Instinctively he checked his arms, the front of his flak jacket. He saw one spider clinging to his utility belt and flicked it away. Another one, larger—a tarantula?—had landed on his trouser leg and was curling up in a defensive posture, threatening no harm, but Tanner kicked it loose anyway, not wanting the goddamned thing on his person.
He couldn’t force a retreat—his men, who had been bunched up at the midpoint of the hall and had received the brunt of the downpour, were incapable of withdrawing, incapable of anything except slapping at the spiders that plastered them in quivering bunches.
All right, go forward.
He grabbed the shotgun out of Weldham’s hands, jammed it into the door beside the dead bolt, and fired point-blank, the Magnum slug cratering the metal. Still the door didn’t give. He fired twice more—the Benelli’s standard load this time, 00 buckshot shells—the reports thunderous in the confined space.
One side of the door was a scorched, smoking ruin. The lock had been torn apart. Tanner gave the door his shoulder, and Chang, recovering sufficiently to assist, rammed it at the same time. The door heaved open, tilting on its hinges.
Tanner rushed through—
he had no time to slice the pie, and no patience for it either. Dimly he knew that Treat would be counting on him to make the kind of stupid mistake he’d just made.
Well, come on, asshole, Tanner thought. Give me your best shot.
His flashlight swept a large bedroom. Table lamps on nightstands flanking a neatly made bed. Some kind of aquarium in the corner—no, a terrarium, housing another spider, this one behind glass. TV against one wall. A few other items of furniture, none big enough to hide behind.
No C.J.
No Gavin Treat.
Where was he? Bathroom?
Tanner ducked inside. No one there.
The closet, then.
He kicked open the closet door and stepped back, expecting a volley of shots. Nothing happened. He risked a look inside and saw shirts and trousers meticulously arrayed on wooden hangers, several pairs of shoes, a tie rack—and a hole in the wall.

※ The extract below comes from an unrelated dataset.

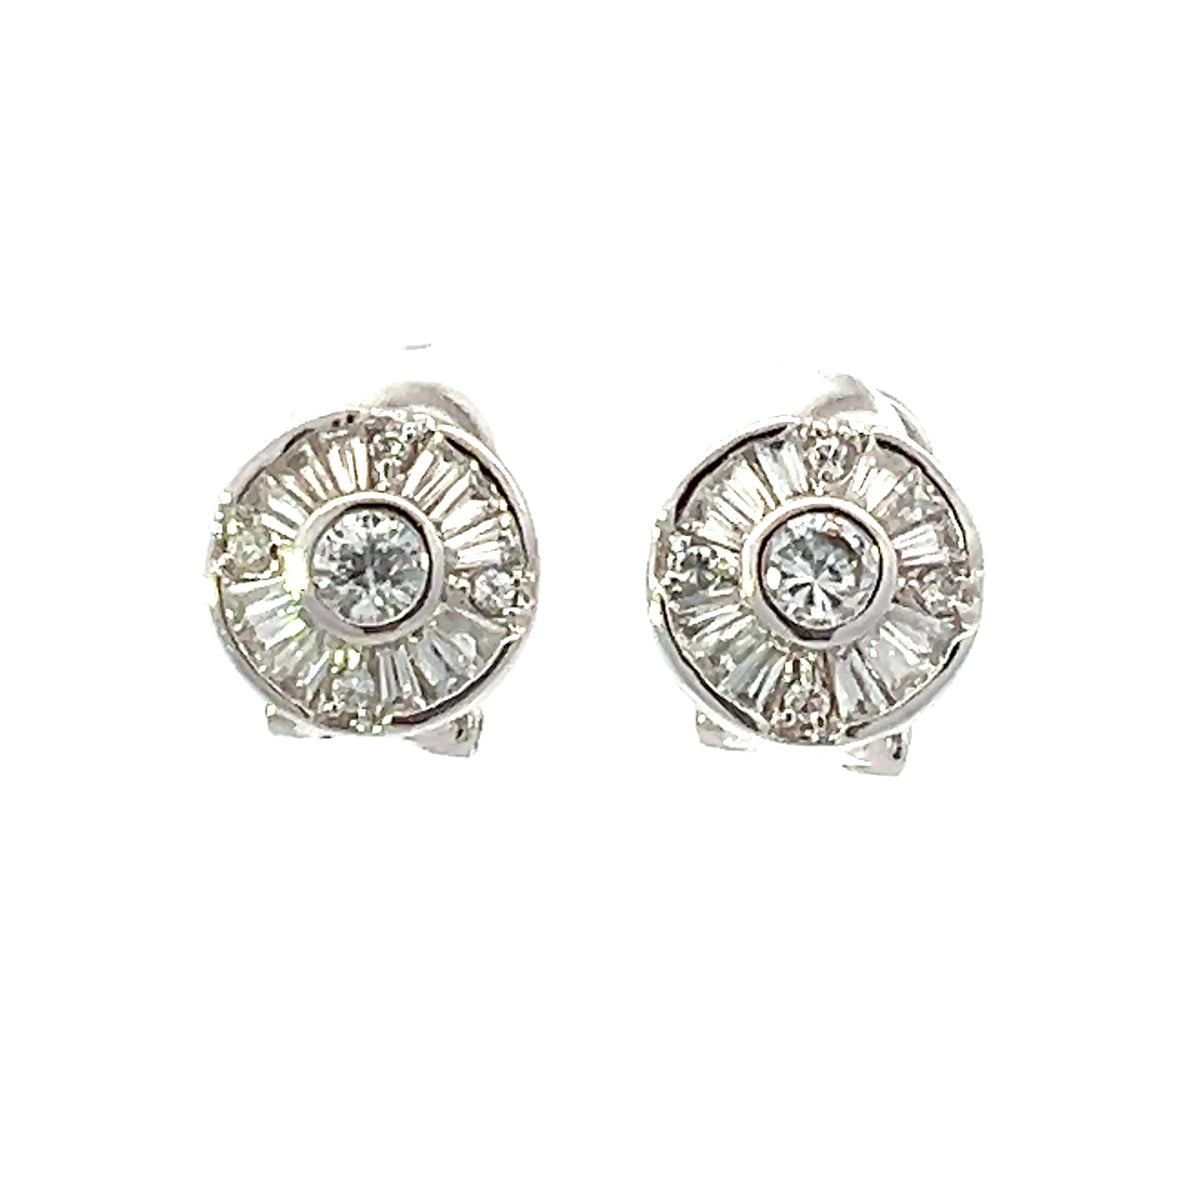 925 Sterling Silver Cubic Zirconia Earrings

It was a neat rectangular hole, obviously cut with care some time ago. The panel of cutout drywall leaned beside it.
Tanner reviewed the apartment’s layout in his mind and saw that this closet was adjacent to the stairwell.
“Fuck.” Into his radio mike: “He’s taking the stairs, repeat, taking the stairs. Could be going up or down. Watch the lobby and the roof. Control the perimeter. And we’ve got officers down—send an RA.” Rescue ambulance.

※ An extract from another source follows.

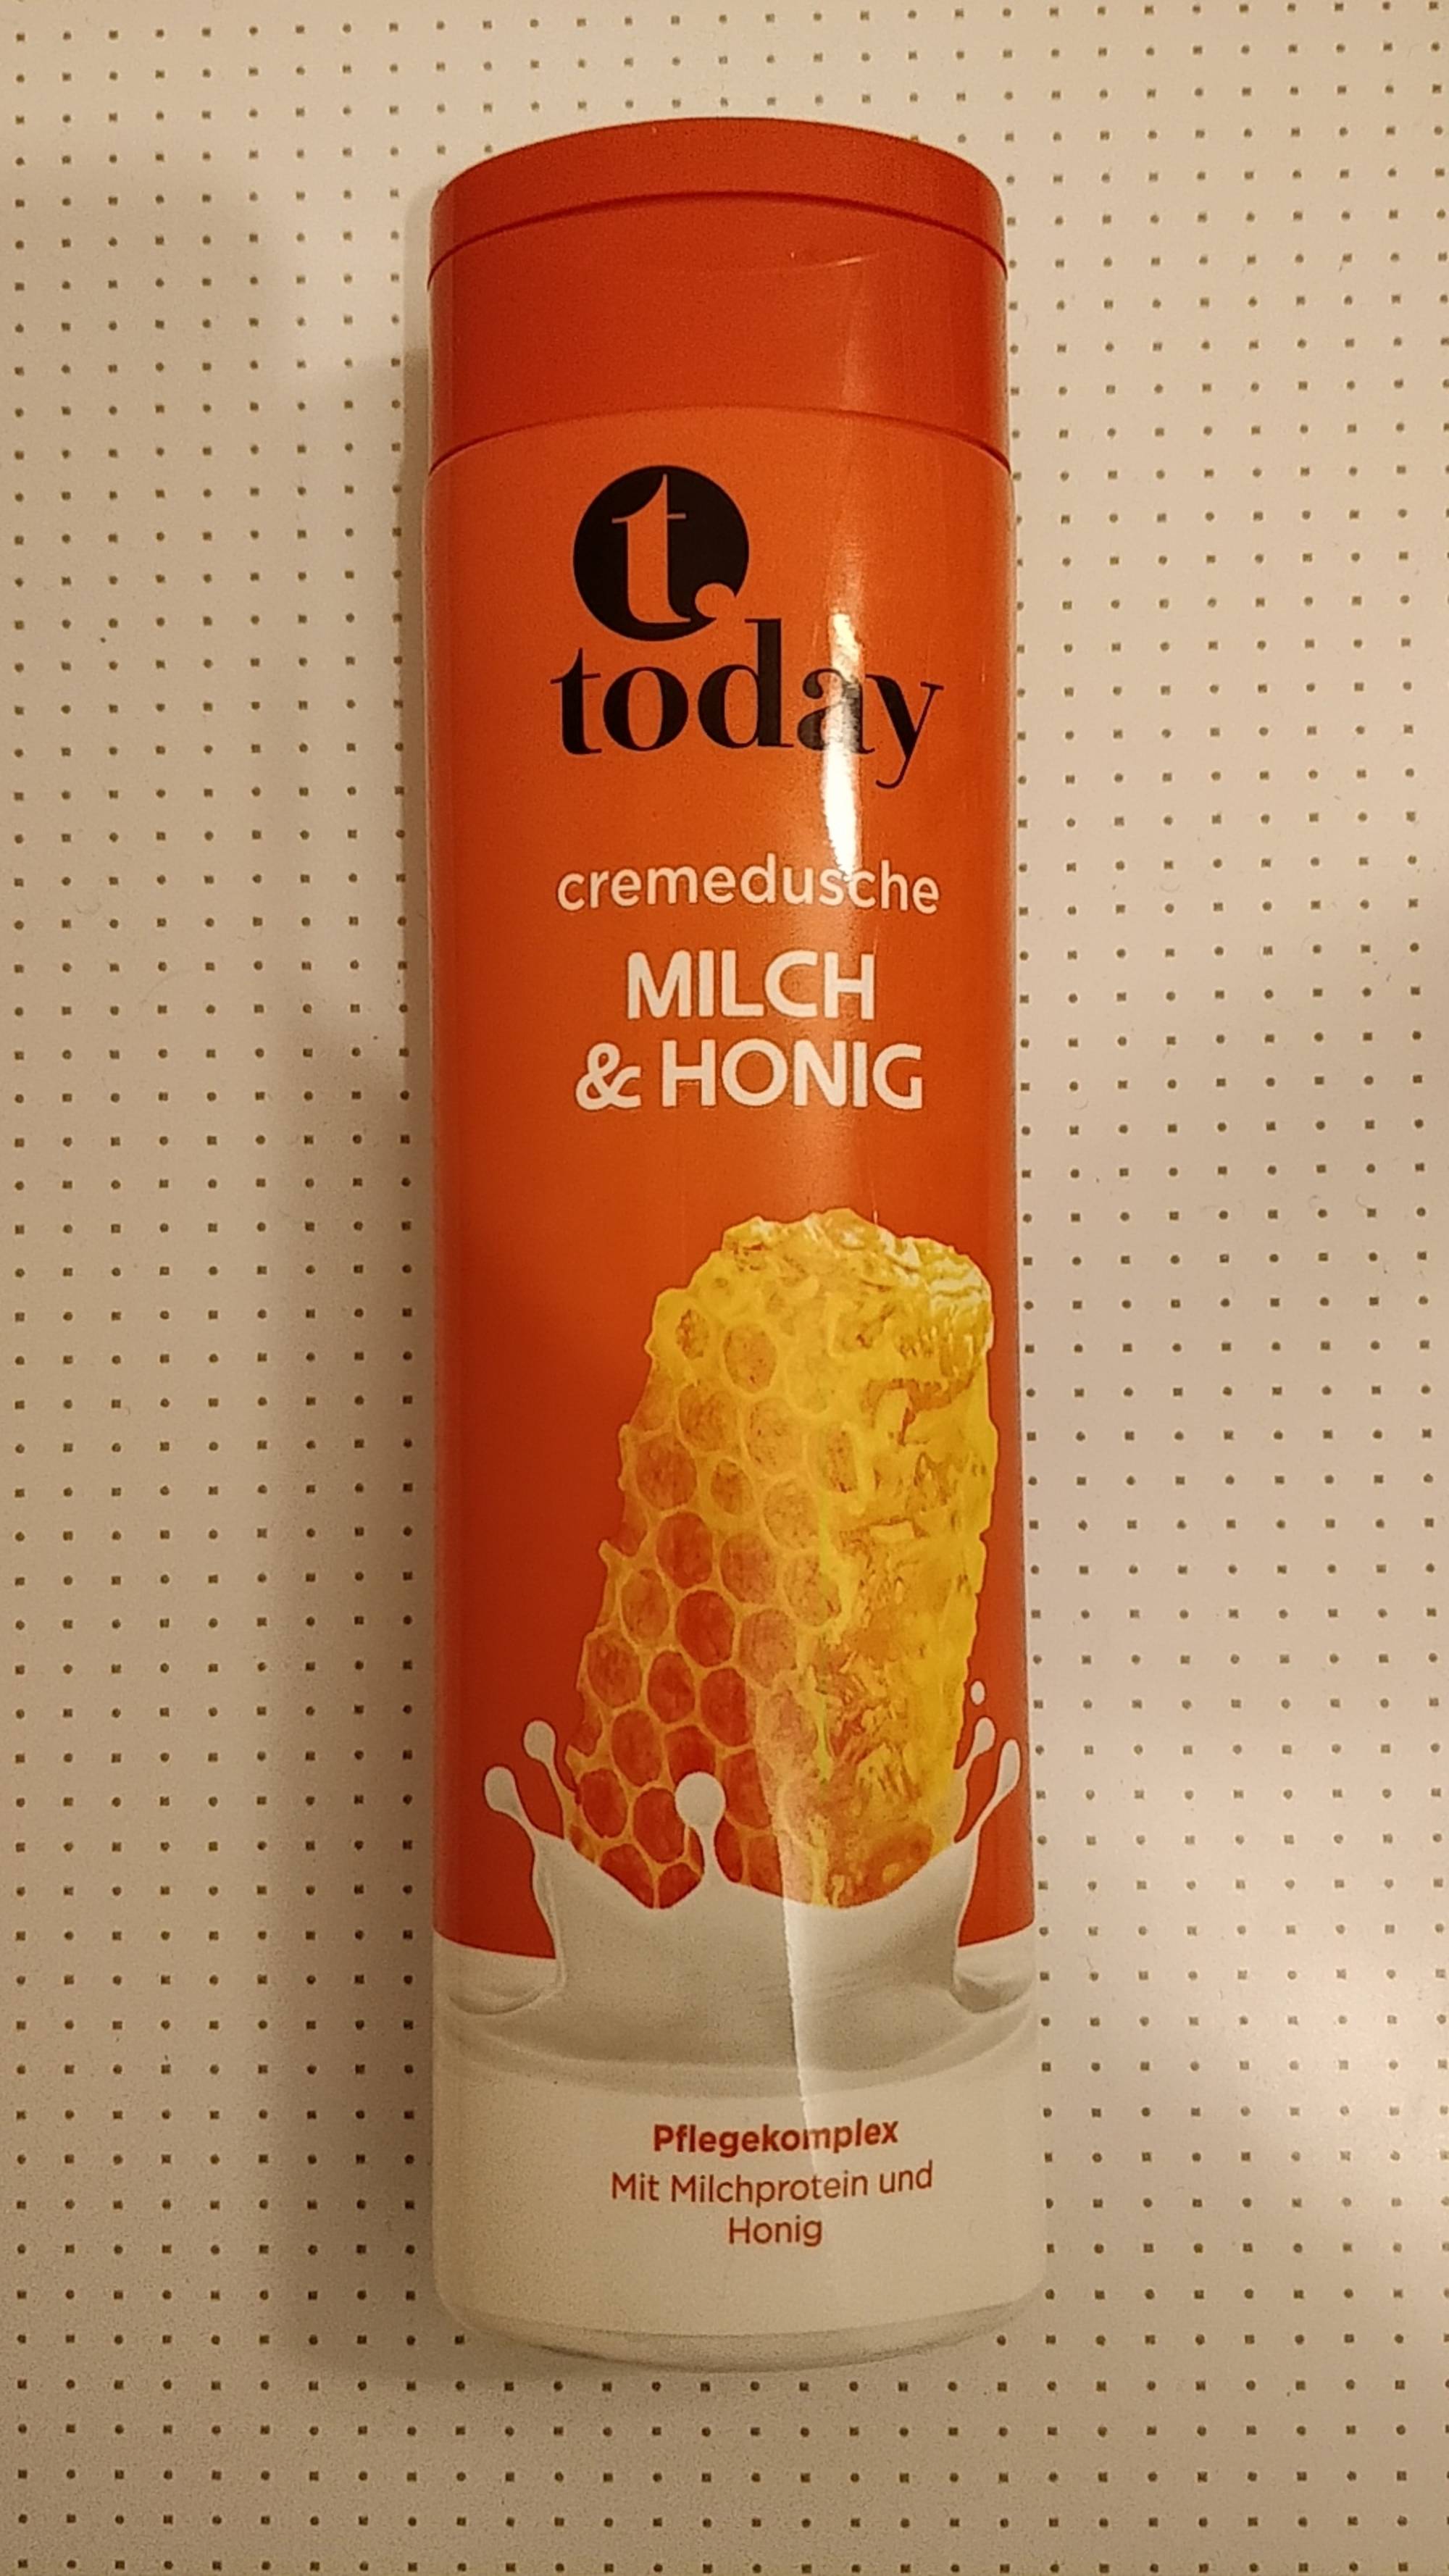 TODAY - Cremedusche - Milch & honig

He turned to look at Chang and found him leaning on the bed, a sick look on his face. “Itches,” he managed to say.
“Where’d it bite you?”
Chang touched his breastbone. “Here.”
Tanner remembered the spider that had skittered under Chang’s collar. He tried to remember if any spiders injected enough venom to prove fatal to a healthy adult. The black widow, maybe. And the brown recluse? He wasn’t sure. “You’re not gonna die on me, are you?” he asked with a strained smile.
“I’m okay. Just get that cocksucker.”
Chang rarely swore. Tanner liked hearing it. It showed he had some fight left.
“Count on it,” he promised, and he went into the closet again.
The crawlway in the wall was narrow. This Treat must be as thin-shouldered as a girl. With an effort Tanner forced his way through. Then he was on the stairwell landing.